EDIT: Well, I ran out there with a pair of vice-grips and one of the old plugs I removed, and it's definitely getting spark. So, that throws that potential out the window, and just leaves us with air, the IAC. Oh... and... I suppose timing gear... but... I don't know how to get in there and see if that's okay, and I'm pretty sure that involves a torque wrench, which I don't have. :-S
[This message has been edited by Twilight Fenrir (edited 01-22-2009).]
When I changed out my distributor and got it put in back in wrong the first time , and then finally corrected it my engine would not start either because I flooded the heck out of it.
I am not sure if a bad IAC could cause a failure to start. Sorry I cannot contribute more than that.
One lesson I learned (about 3 times now LOL) it to NOT change more than one thing at a time. Because if you do and the car fails to run right or run at all it becomes a Mo Fo to figure where the problem is. Don't do as I did and not follow my own lesson!

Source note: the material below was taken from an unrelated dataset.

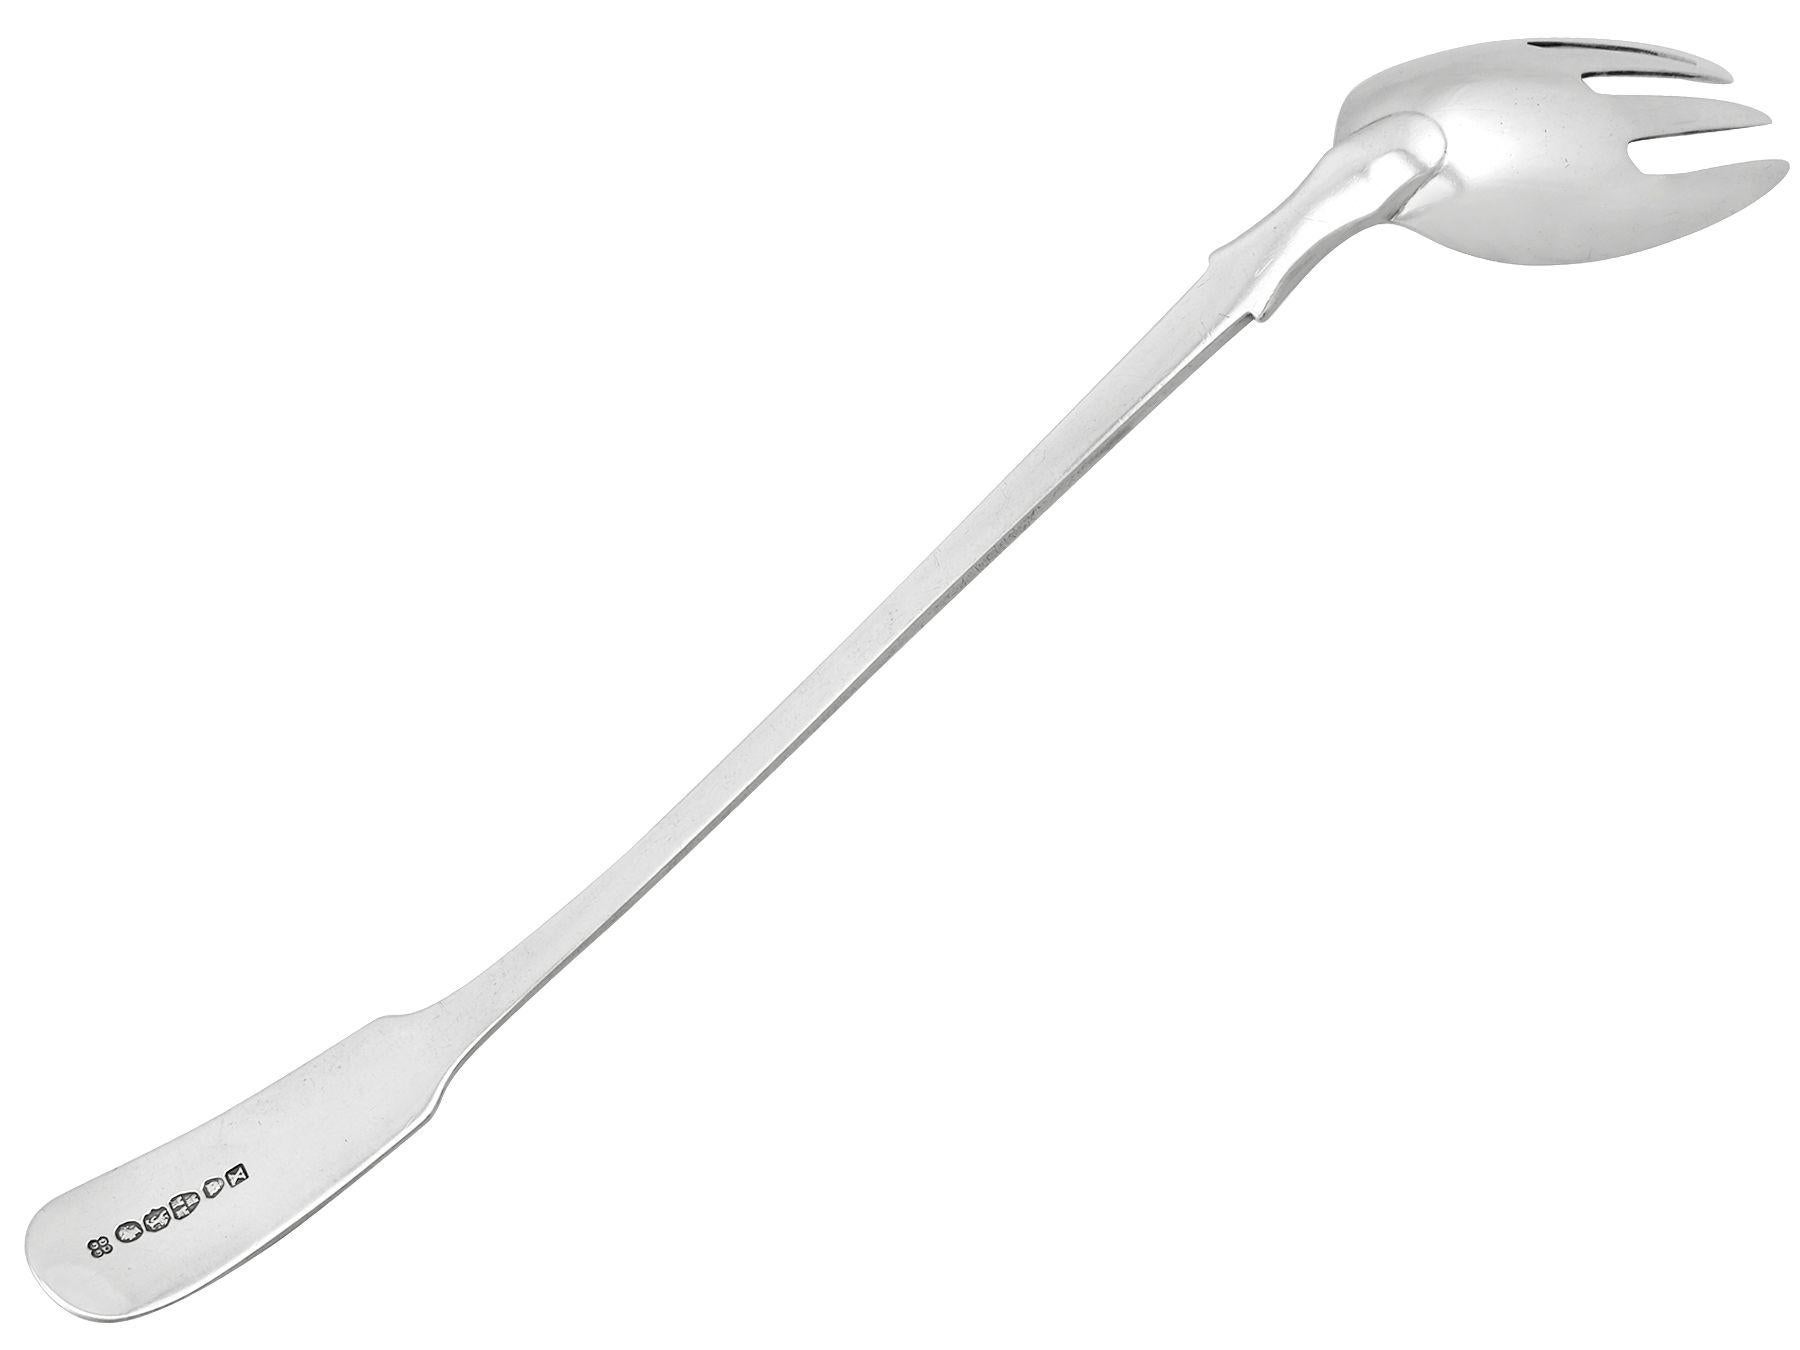 runcible spoon for sale

I learned the hard way changing sensor pigtails and not testing the car after changing each one before going on to the next. This is not a lecture but an observation that can save you grief.
Check to be certain you have spark on all 4 cylinders, a guy not long ago here had a brand new DEFECTIVE distributor cap, you cannot trust anything these days! Also are you absolutely certain you have the wires in the right order and #1 in the proper position on the dist cap?
For the heck of it disconnect the connector from the IAC and try it. Sparx22
[This message has been edited by sparx22 (edited 01-22-2009).]